* _Prompt_:
Beginning with the line containing "Slippery When Wet by Jon Jovi - Stock Image" and ending with the line containing "trendiano 字母純棉撞色圓領t恤", write out each line of the records below exactly; pictures and lines outside that range are left out.
=== The input ===
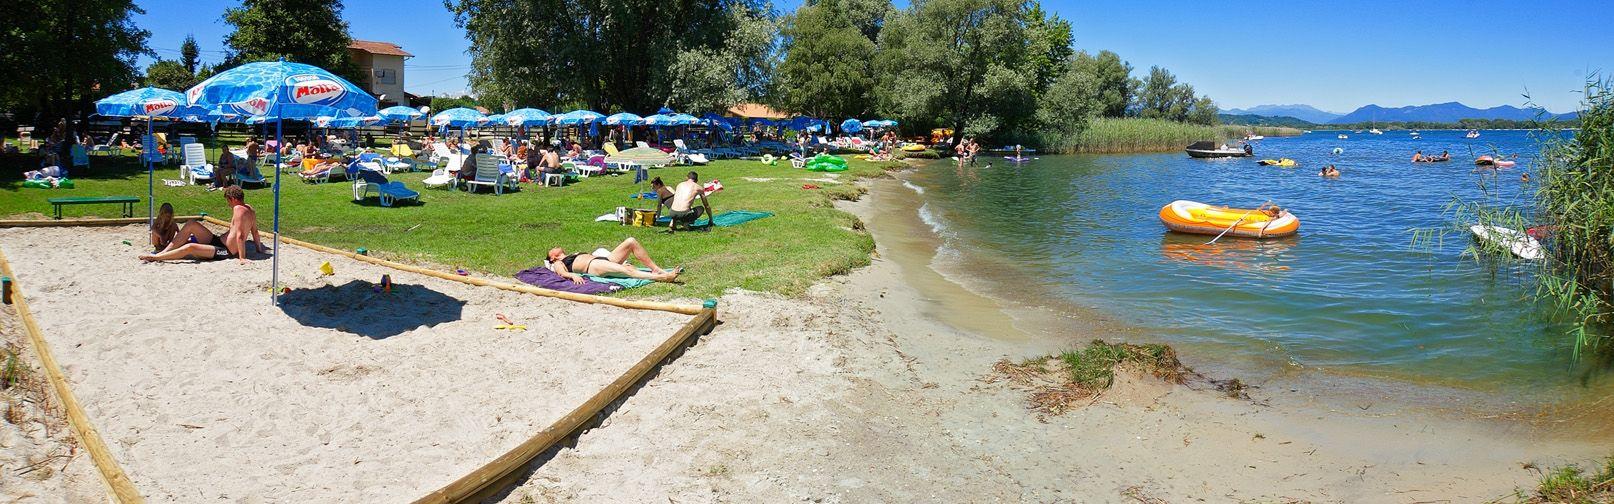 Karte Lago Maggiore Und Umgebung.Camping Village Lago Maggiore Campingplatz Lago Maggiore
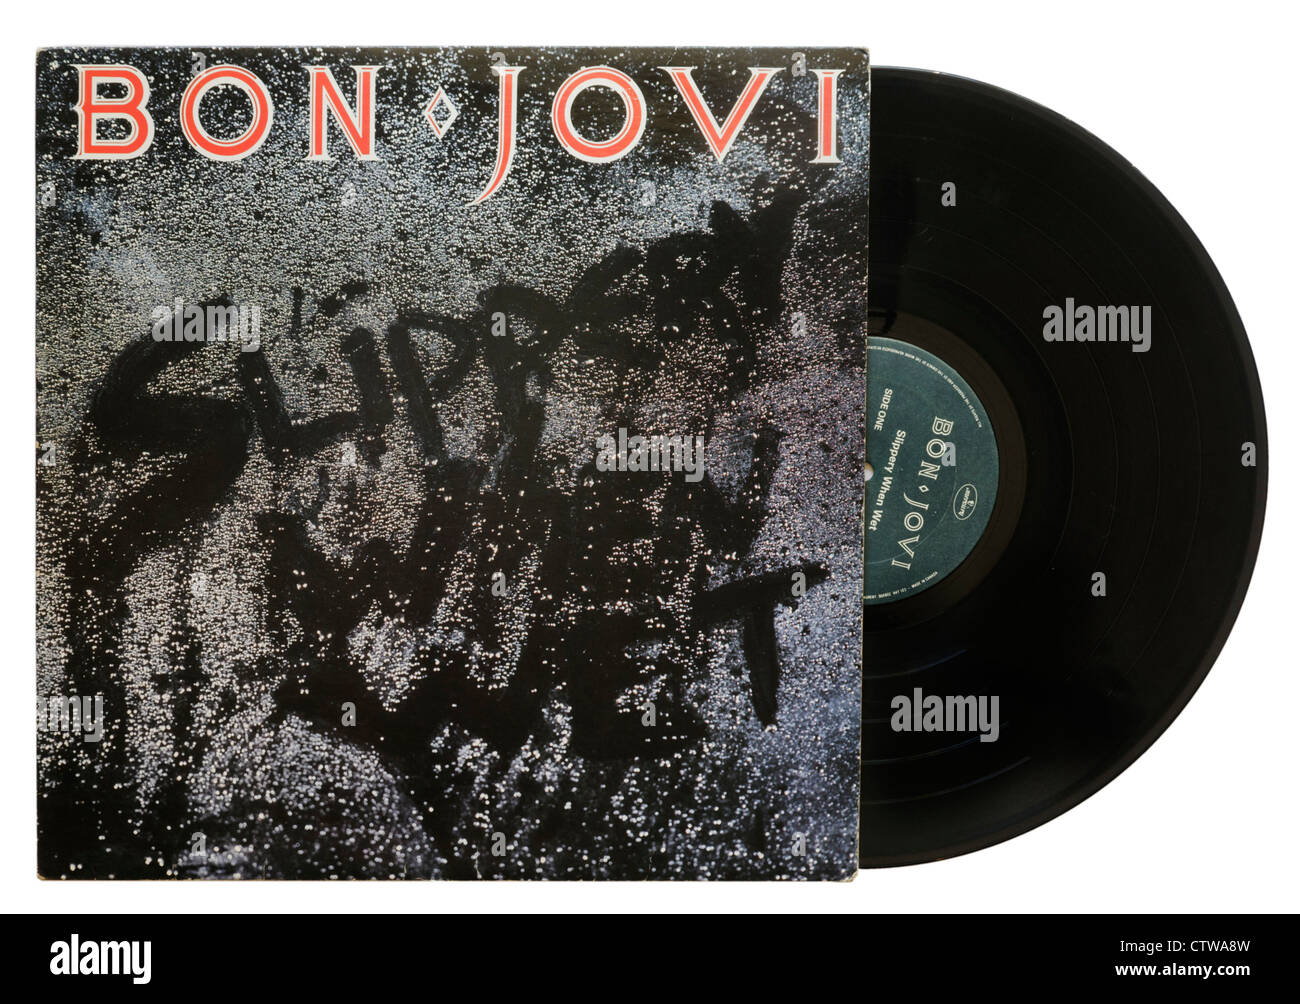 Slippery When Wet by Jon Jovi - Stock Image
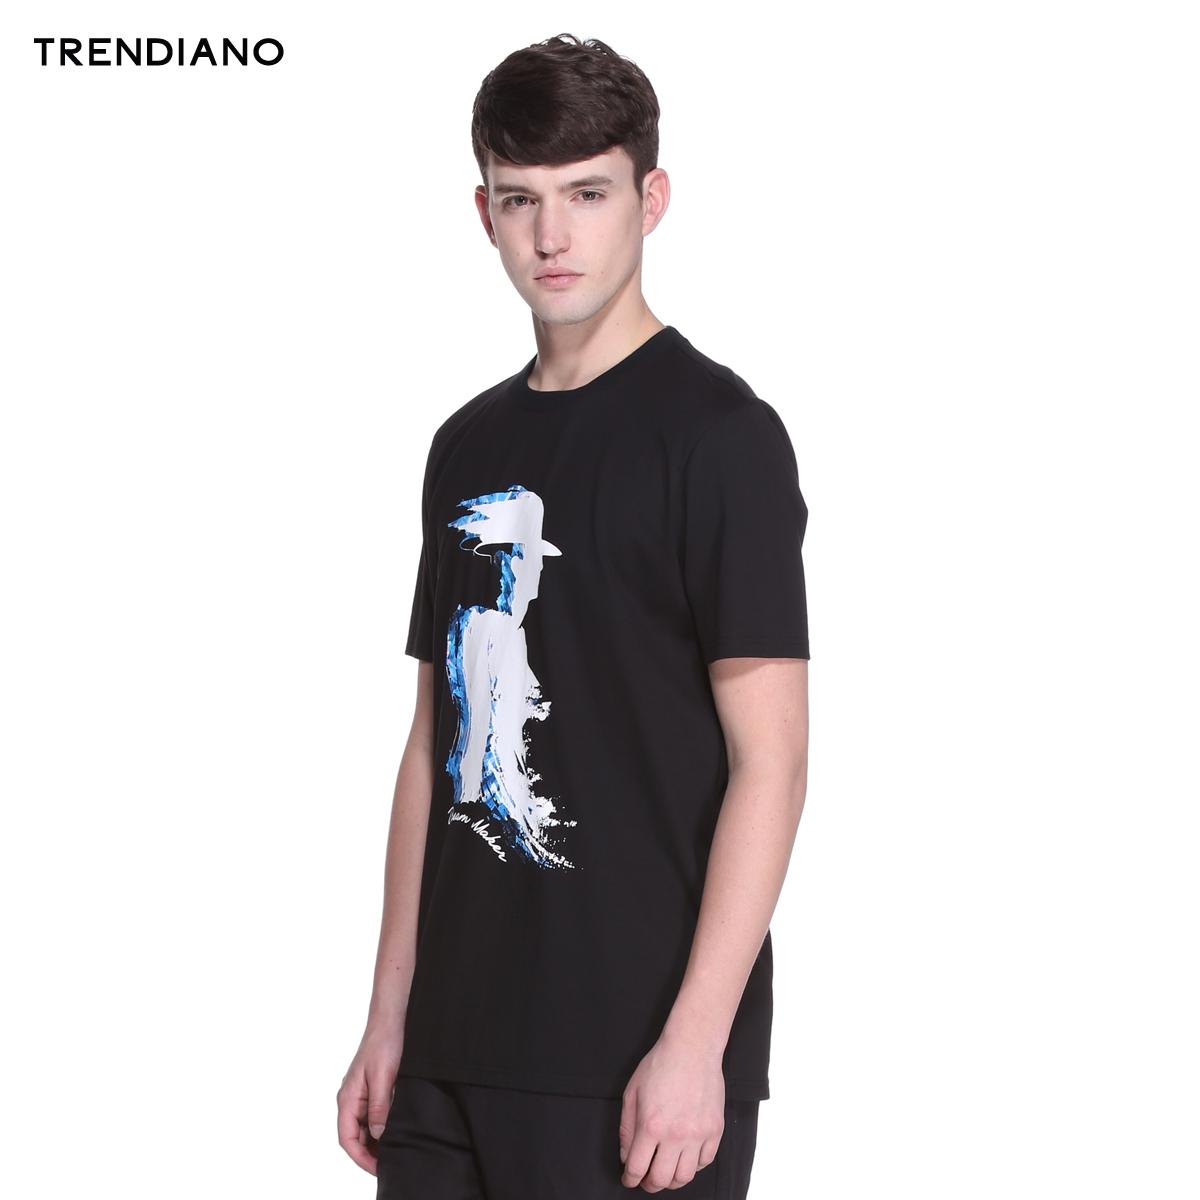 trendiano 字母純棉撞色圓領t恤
===
=== The input ===
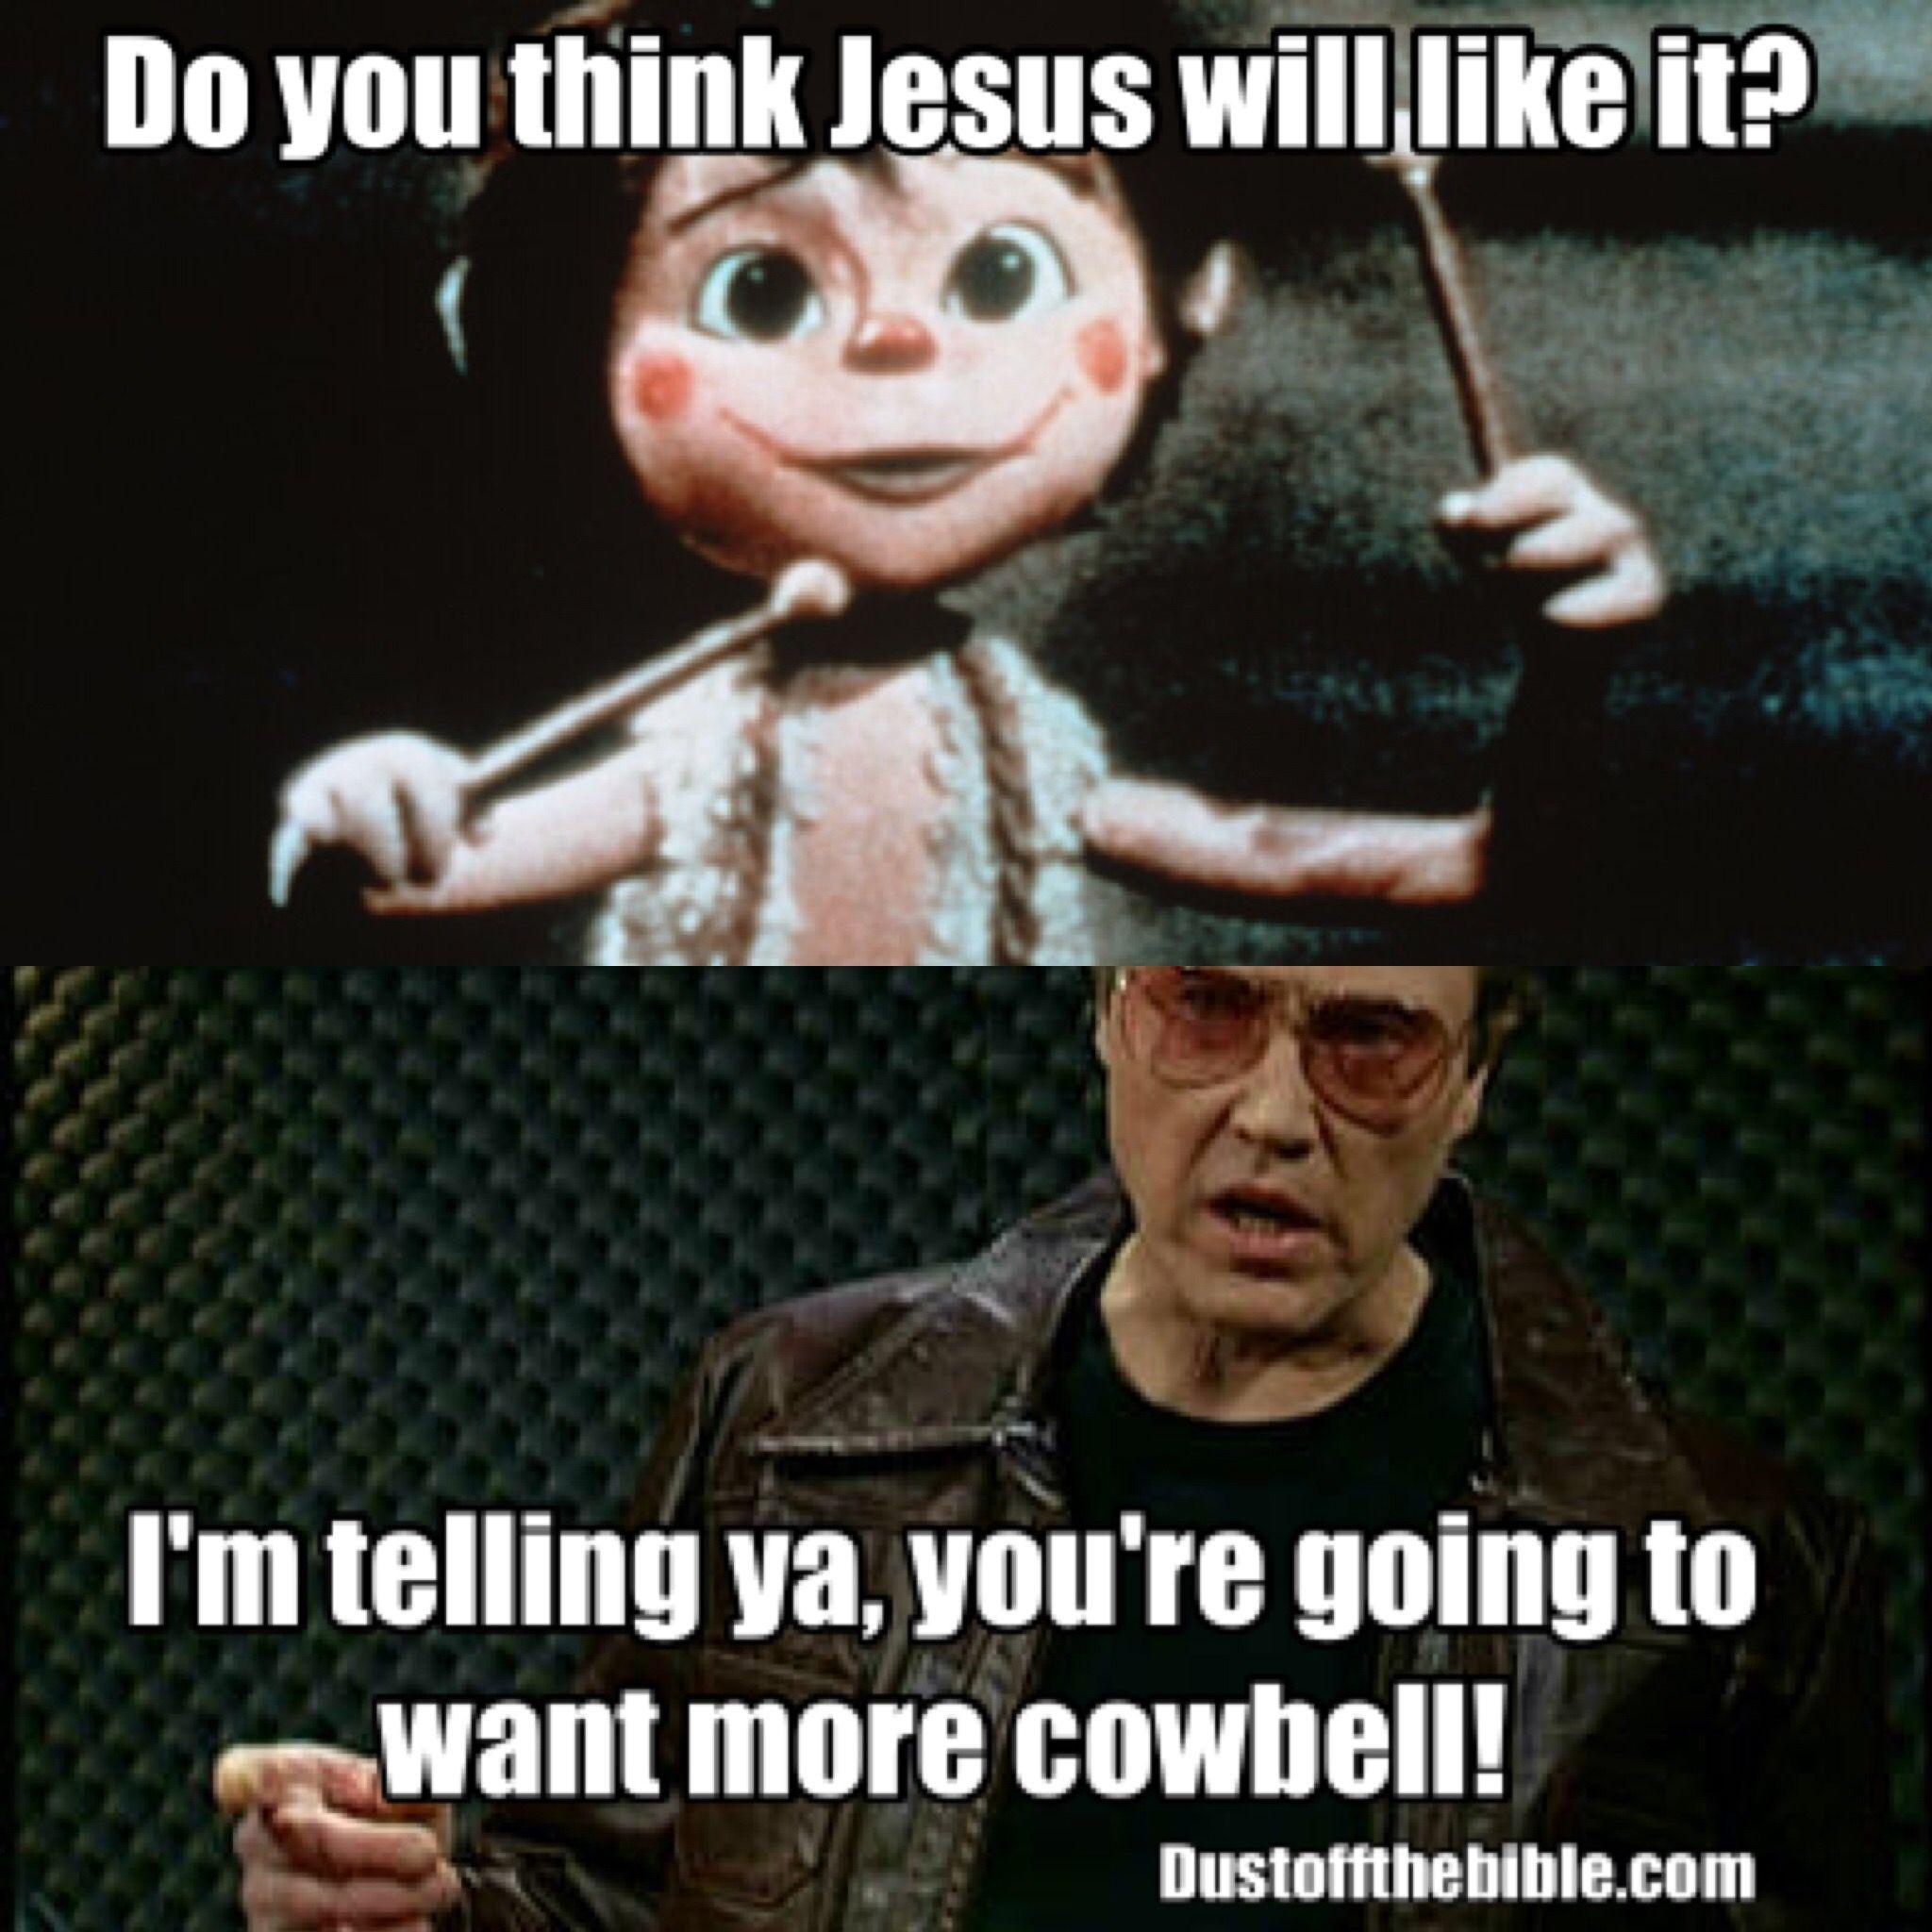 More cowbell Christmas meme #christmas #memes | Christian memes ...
===
* _Written reply_:
 Slippery When Wet by Jon Jovi - Stock Image
 trendiano 字母純棉撞色圓領t恤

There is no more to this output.